▶ **Work item**
Only one span of the material below is wanted. Output it exactly, from the line with "Wool cashmere flannel" through the line with "Pleasant File Opel", without any pictures.

▶ **Recorded data**
'''

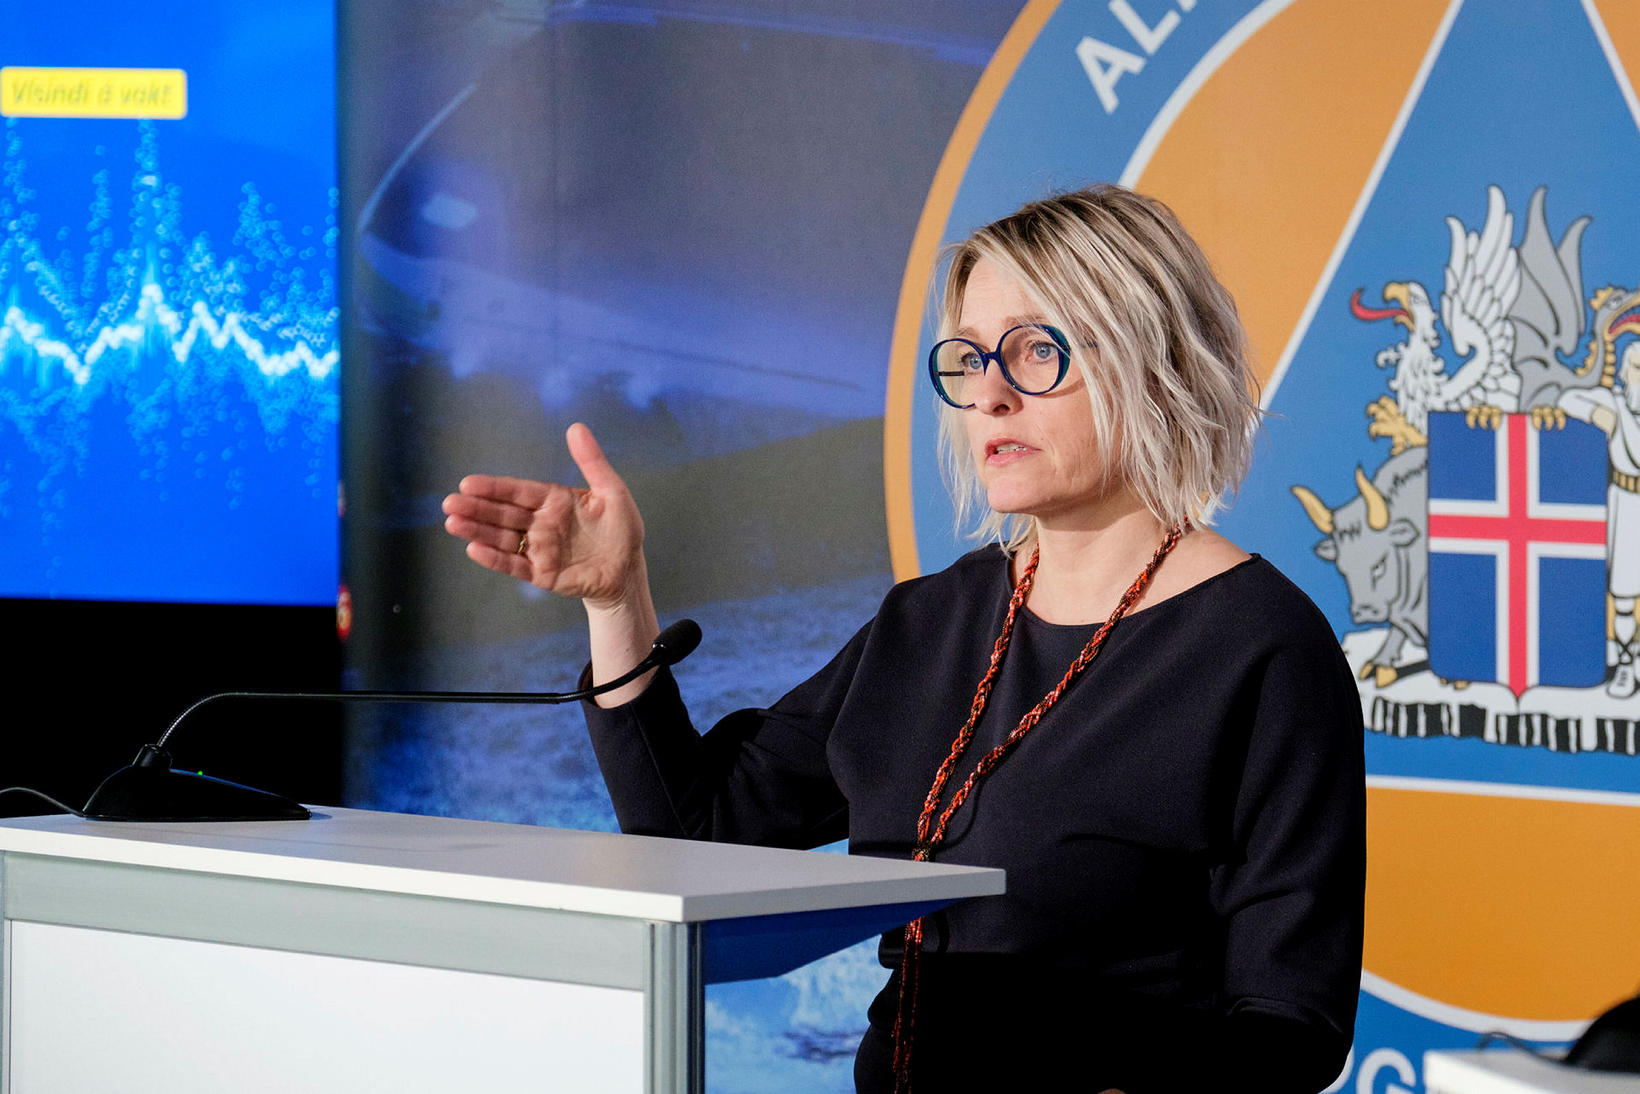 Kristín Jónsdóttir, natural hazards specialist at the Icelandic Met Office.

'''
'''

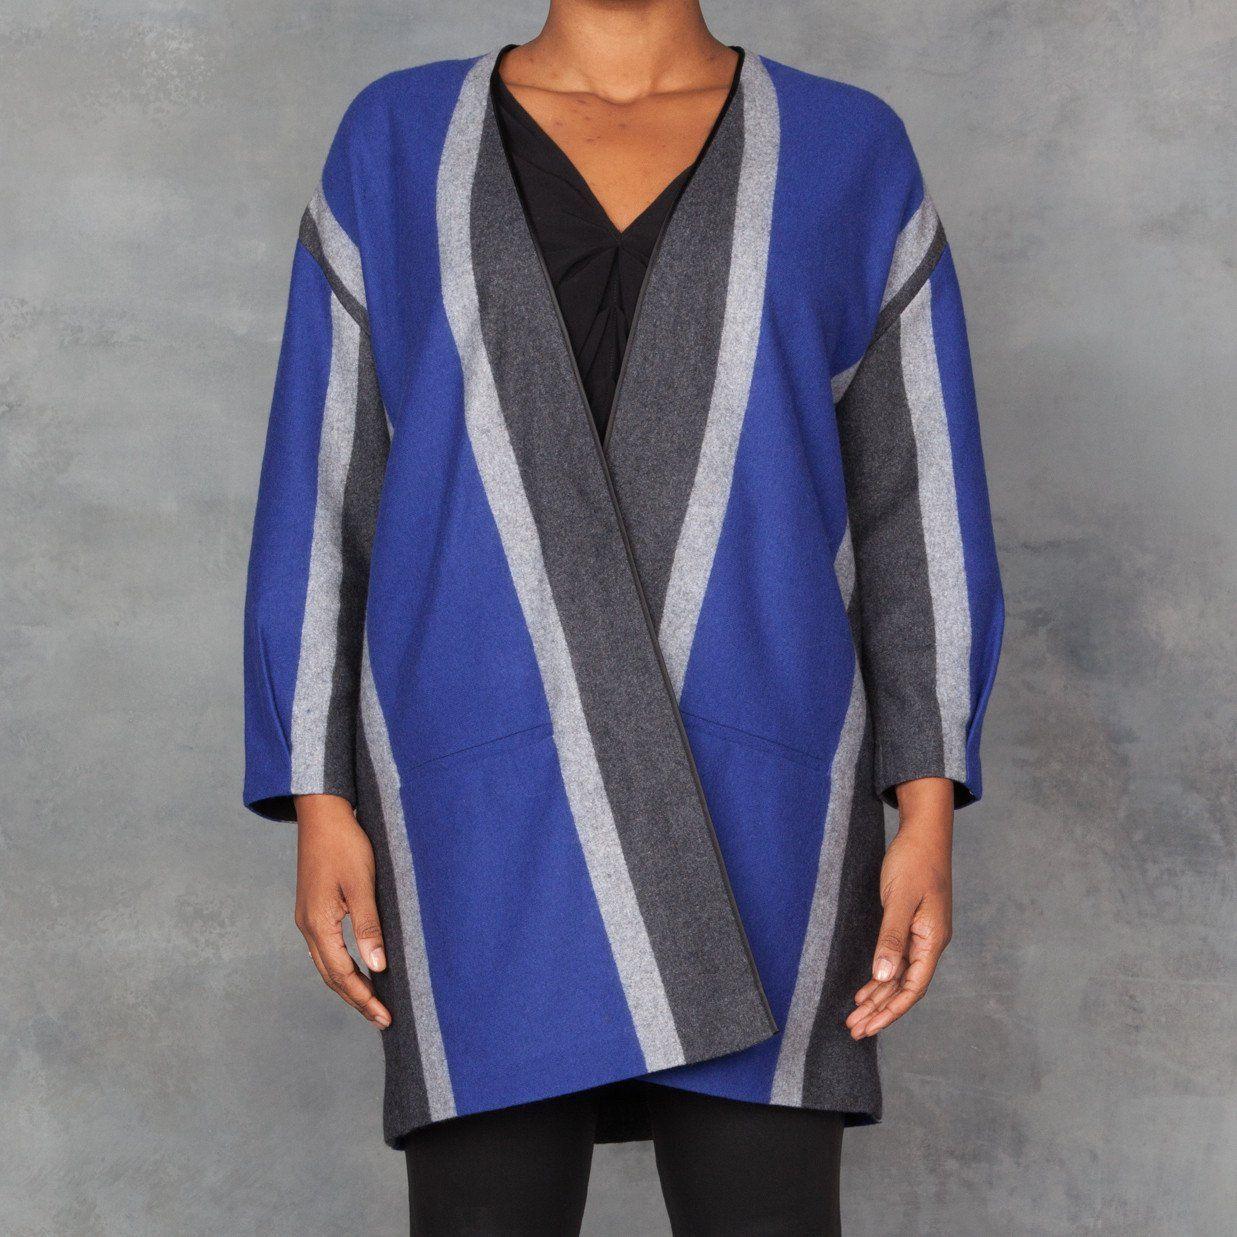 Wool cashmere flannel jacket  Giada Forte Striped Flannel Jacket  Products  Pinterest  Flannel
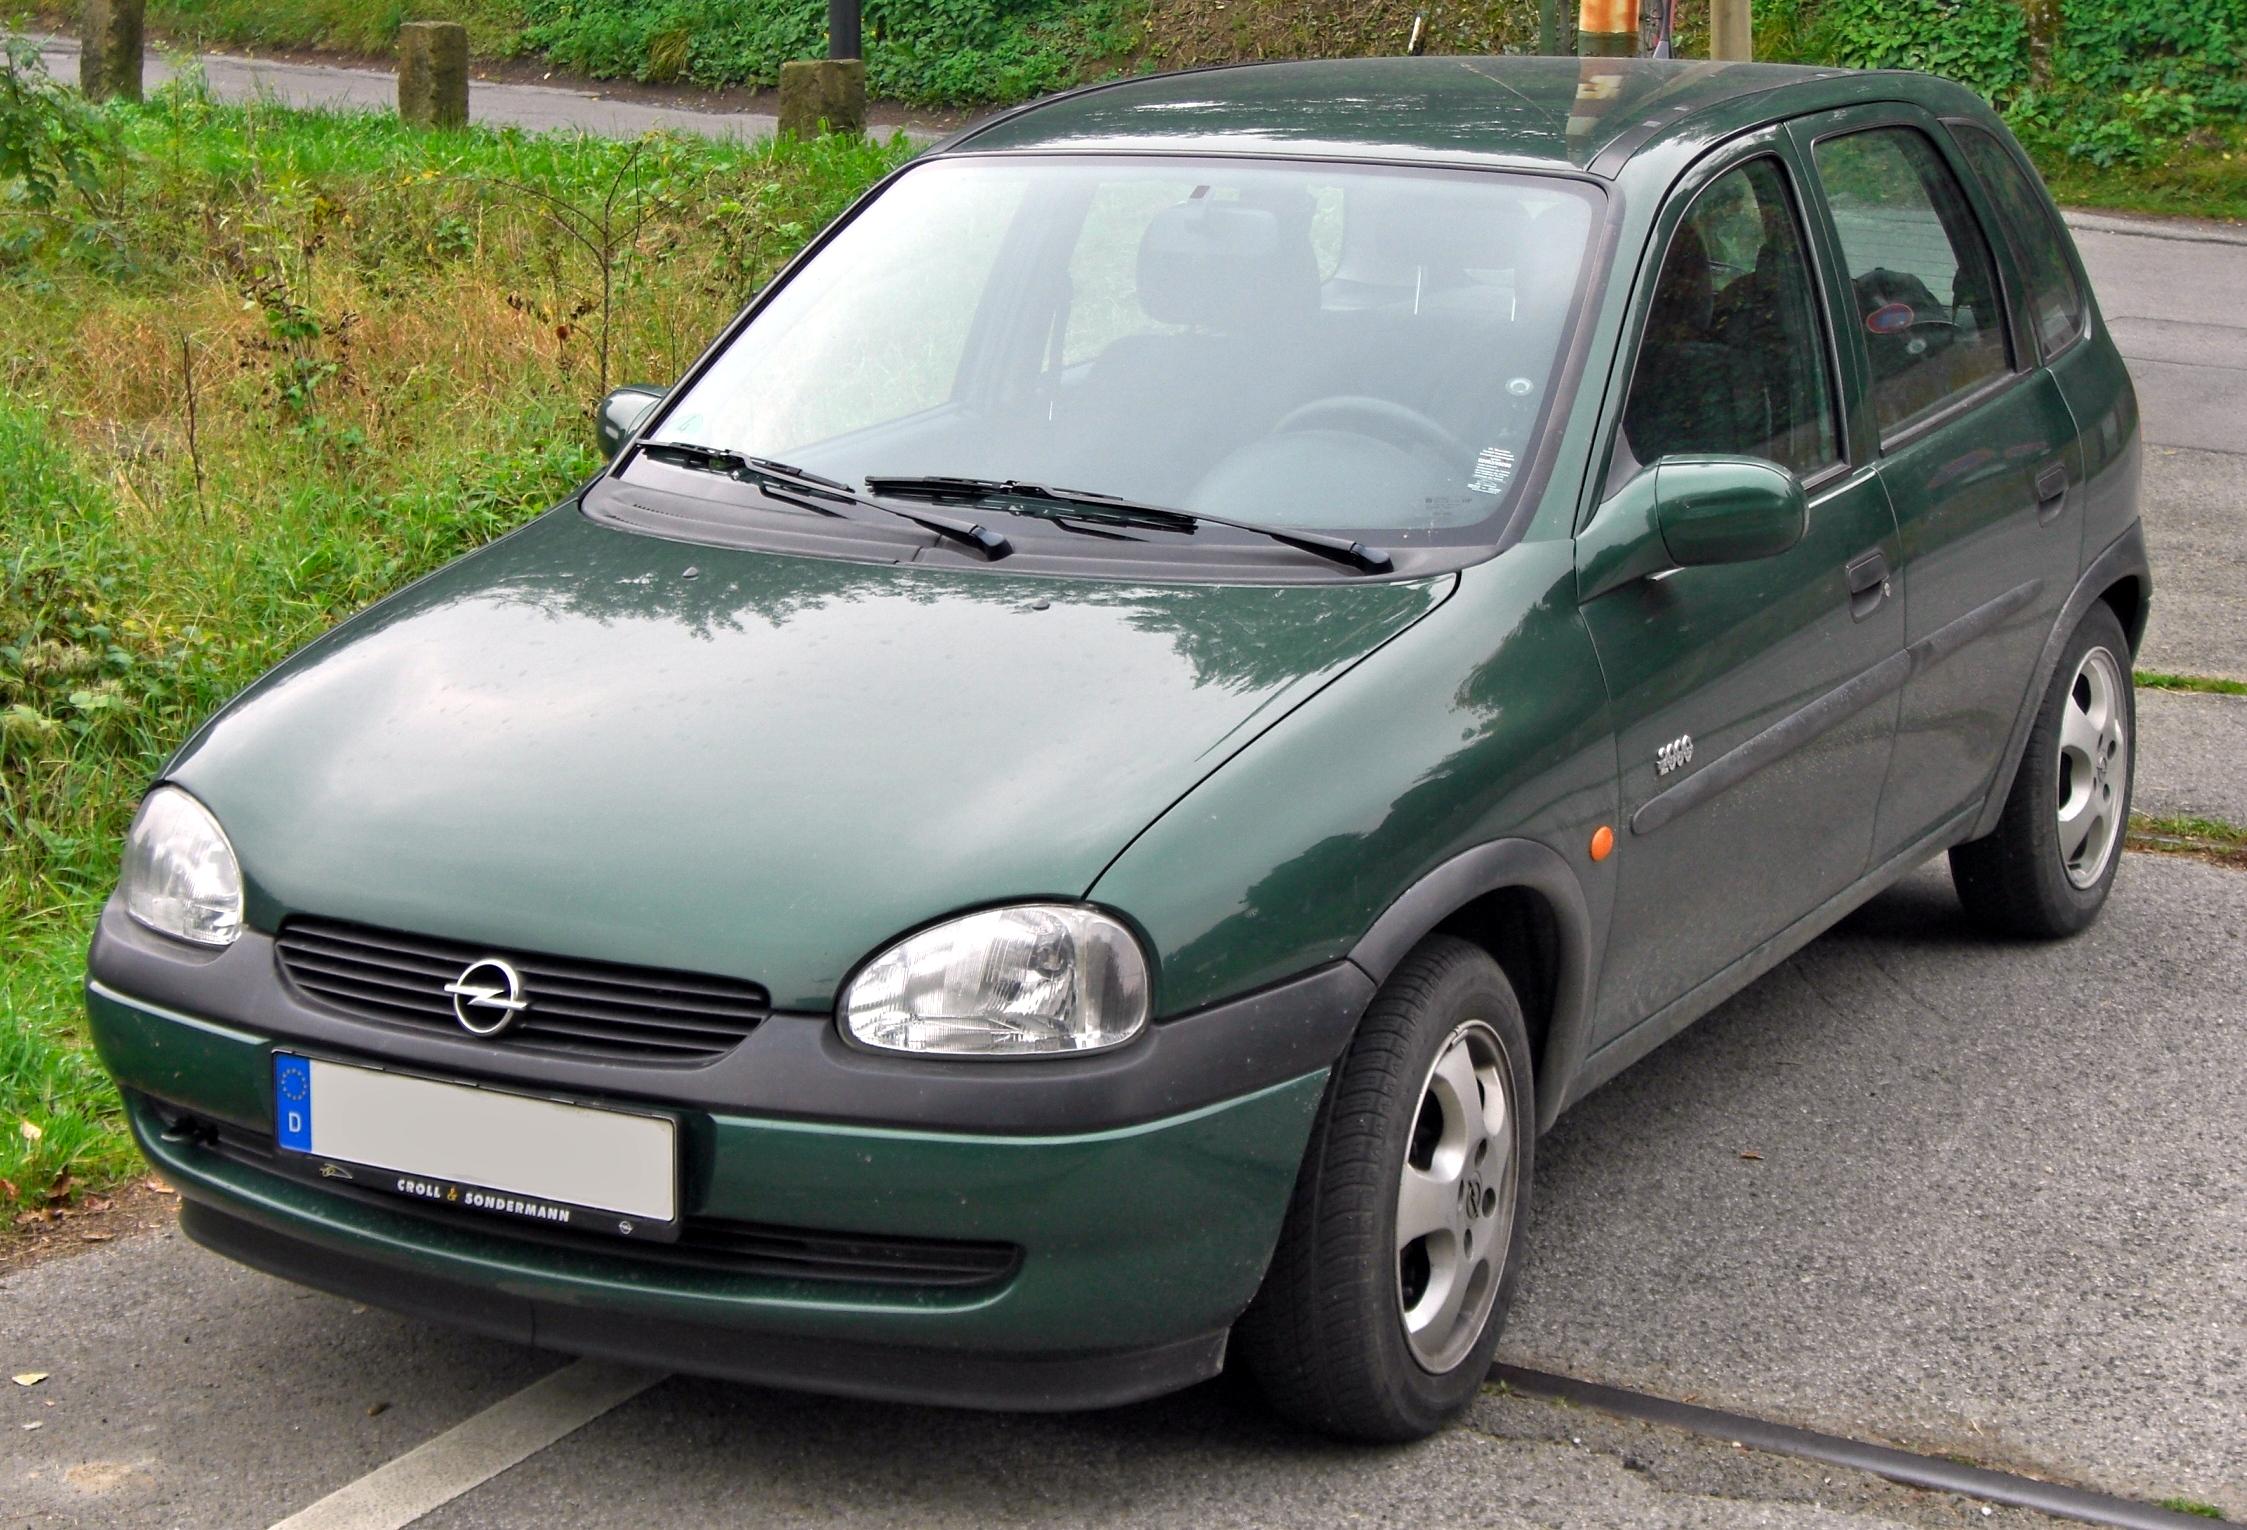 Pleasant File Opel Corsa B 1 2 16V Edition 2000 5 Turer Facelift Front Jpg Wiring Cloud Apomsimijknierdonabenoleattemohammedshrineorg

'''
'''

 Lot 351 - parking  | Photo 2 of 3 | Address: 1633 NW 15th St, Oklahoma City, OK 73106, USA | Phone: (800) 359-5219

'''

▶ **Answer to the exercise**
 Wool cashmere flannel jacket  Giada Forte Striped Flannel Jacket  Products  Pinterest  Flannel
 Pleasant File Opel Corsa B 1 2 16V Edition 2000 5 Turer Facelift Front Jpg Wiring Cloud Apomsimijknierdonabenoleattemohammedshrineorg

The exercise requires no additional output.